— А что, ответ неверный? — забеспокоилась Олива, пропустив мимо ушей последнюю фразу.

— Конечно, неверный. Как стол, так и стул, могут иметь и три ноги, и две, и даже одну, но необязательно четыре. Ну, так каким о д н и м словом можно объединить понятия «стол» и «стул»?

Олива задумалась.

— Мебель, конечно же! — ответил за неё доктор.

— Ну да, я и так знаю, что мебель! — раздражённо выпалила Олива и расплакалась, — Что вы меня тут, в самом деле, за идиотку держите?!

— Успокойтесь. Никто вас не держит за идиотку.

— Тогда отпустите меня. Я же здорова!

— В таком состоянии пока рано тебя отпускать. Вот успокоишься ещё немножко — тогда отпустим. А то выпустишь тебя — а ты сразу под машину кинешься…

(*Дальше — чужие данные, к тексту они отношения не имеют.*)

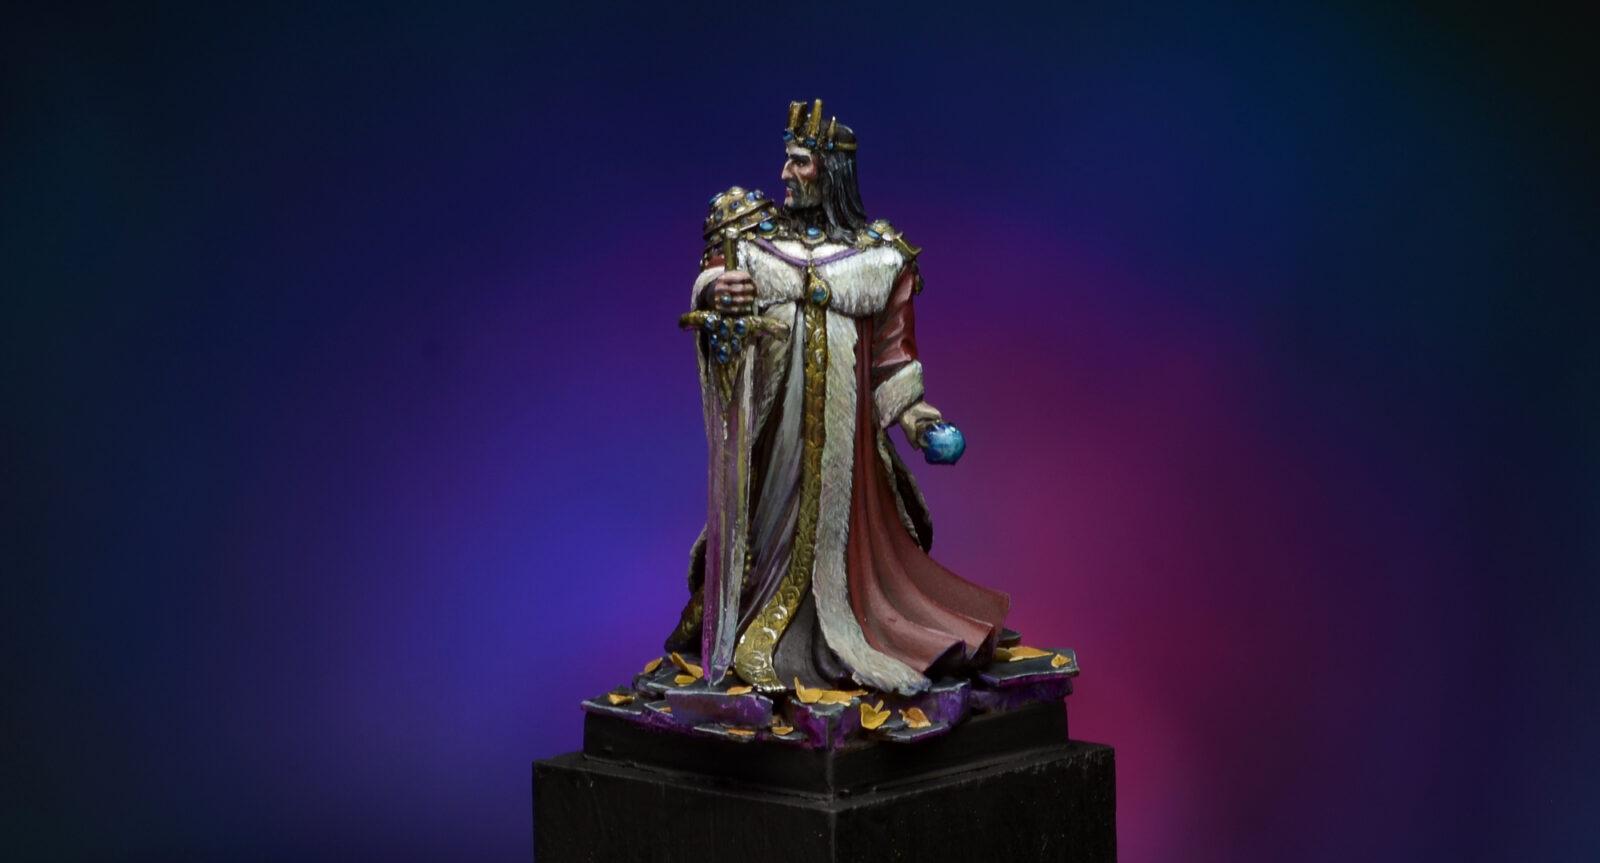 Emperor6

— Не кинусь, честное слово!

— А зачем же ты вешалась и вены резала? Можешь мне объяснить?

— Ну, дура была потому что. Глупость это была, я сознаю это.

— Ну а как же ты дальше жить собираешься?

— Ну как… — Олива растерялась, — Я попрошу у друзей прощения, встану перед ними на колени. А когда буду дома, то закрою страницу на Прозе. ру, поудаляю все свои блоги из интернета, удалю отовсюду свой роман и начну жизнь и чистого листа…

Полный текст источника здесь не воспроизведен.